Gov. Walker signs new foster care reform bill at annual Foster Youth Education Conference

by Matt Jardin  |   

Gov. Walker poses with students
Gov. Bill Walker signs into law House Bill 151 - referred to as the Children Deserve a Loving Home Act - at the Foster Youth Post-Secondary Education Conference. The annual conference brings in foster youth from across Alaska to prepare them for college life, and is organized by UAA's Child Welfare Academy. (Photo by Matt Jardin / University of Alaska Anchorage)

Last Thursday in UAA's Bragaw Office Complex, located just a mile northeast from the main campus, Gov. Bill Walker signed into law a new bill ushered by outgoing Rep. Les Gara (D-Anchorage) to reform Alaska's foster care system.

House Bill 151, referred to as the Children Deserve a Loving Home Act, establishes new caseworker standards in the state's Office of Children's Services (OCS).

Changes mandated by the new law include limiting the average statewide caseload count to 13 per worker, as well as doubling the training for new caseworkers to six weeks.

The new law is also designed to give more control back to foster youth and foster parents, such as requiring that those 14 and older be included in meetings regarding their case, those 16 and older have easy access to legal documents, and that siblings have the means to contact one other should they be placed in different homes.

The bill signing was part of the closing ceremony for the annual Foster Youth Post-Secondary Education Conference, organized in collaboration by OCS and the Child Welfare Academy (CWA) - a division of the university also housed in the Bragaw Office Complex.

Now in their sixth year under CWA's leadership, the conference brings in dozens of foster youth from across Alaska to introduce them to college life. Over the course of three days, attendees live in the dorms, tour the campus and hear from faculty.

Attendees also learn about financial literacy and financial aid options, including the 15 presidential foster youth tuition waivers awarded by the University of Alaska every year.

For some attendees who may be on the fence about continuing on to college, the conference is a valuable resource. For others, it's a great reaffirmation of their decision to pursue a degree.

Juneau resident Ben Miller, who lobbied for HB 151 and is a member of Facing Foster Care in Alaska, says he made the decision to enroll at UAA because of his experience at this year's conference.
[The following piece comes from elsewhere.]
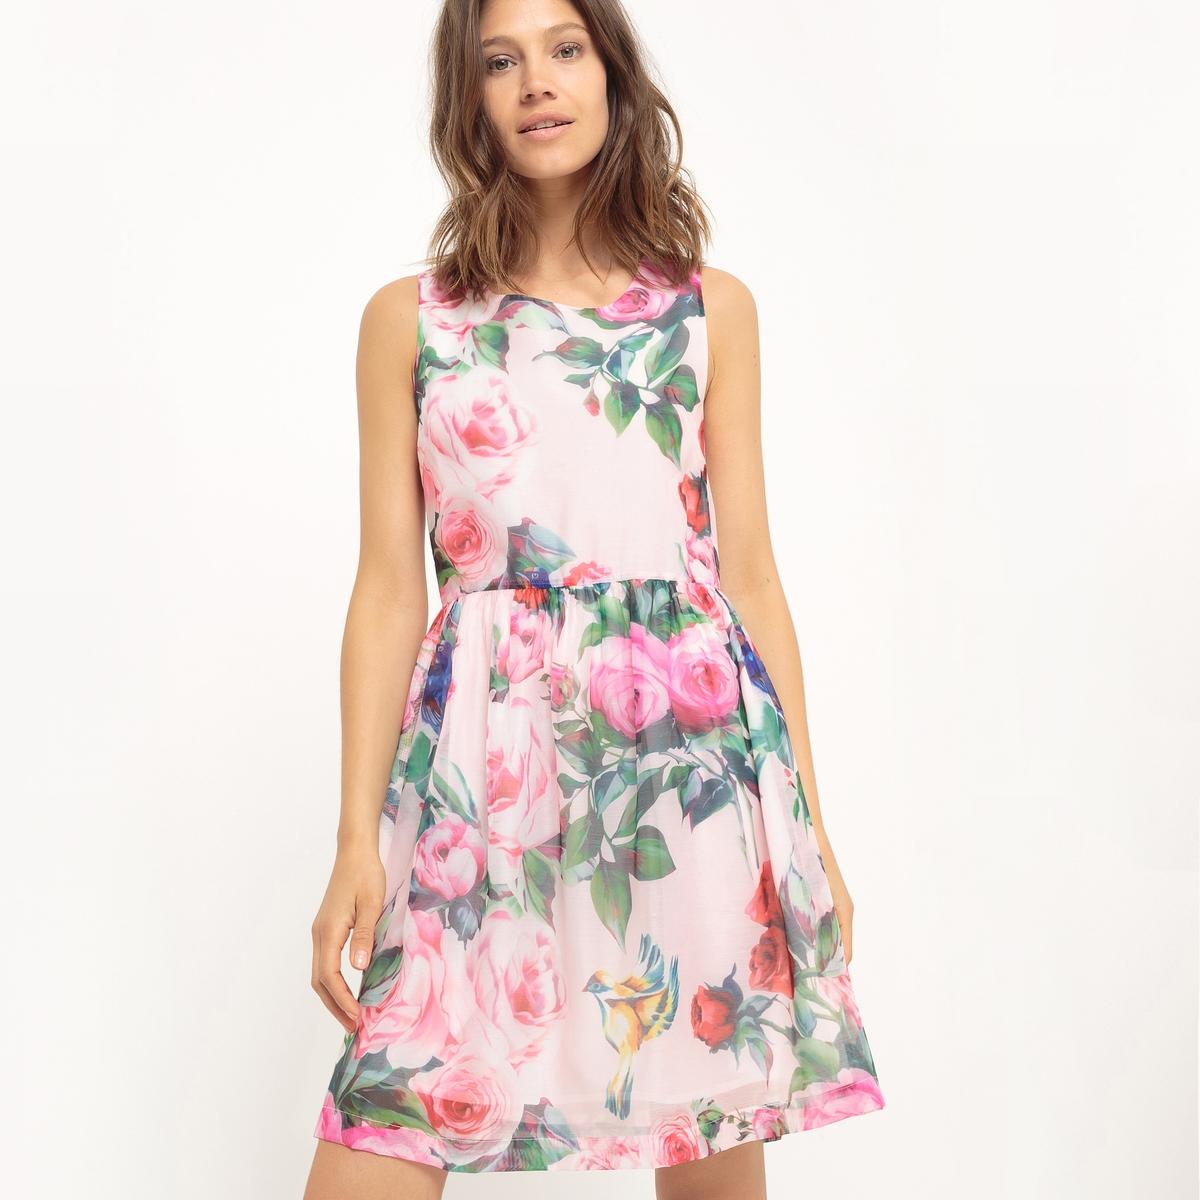 Платье без рукавов с цветочным рисункомМатериал : 100% полиэстер  Длина рукава : без рукавов Особенность пояса : Эластичный пояс Форма воротника : Круглый вырез Покрой платья : расклешенное платье. Рисунок : цветочный.   Длина платья : короткое.<br><br>Цвет: цветочный рисунок<br>Размер: XS

"I was committed to Portland Community College. After coming to campus and talking with Amanda and my caseworker, I decided to come here in the fall instead. That was the big thing that happened to me during this conference," says Miller.

Amanda Metivier, B.S.W. '08, is the lead organizer of the conference and serves as associate director for the CWA's Office of Youth Empowerment and ETV Program.

Metivier is also one of the earliest recipients of the presidential foster youth tuition waiver, going on to earn both her bachelor's and master's in social work from UAA. For her, the decision to go into social work and put her passion to use for CWA was easy, resulting from her own positive treatment in foster care.

"I was attracted to social work early on because of my experience," says Metivier. "I just wanted to give back and help people in the way that I've been helped.

"I actually came and worked at the academy because my former social worker, who's the whole reason I became a social worker, was working at the academy. [Tom McRoberts] is also an alumnus of UAA!"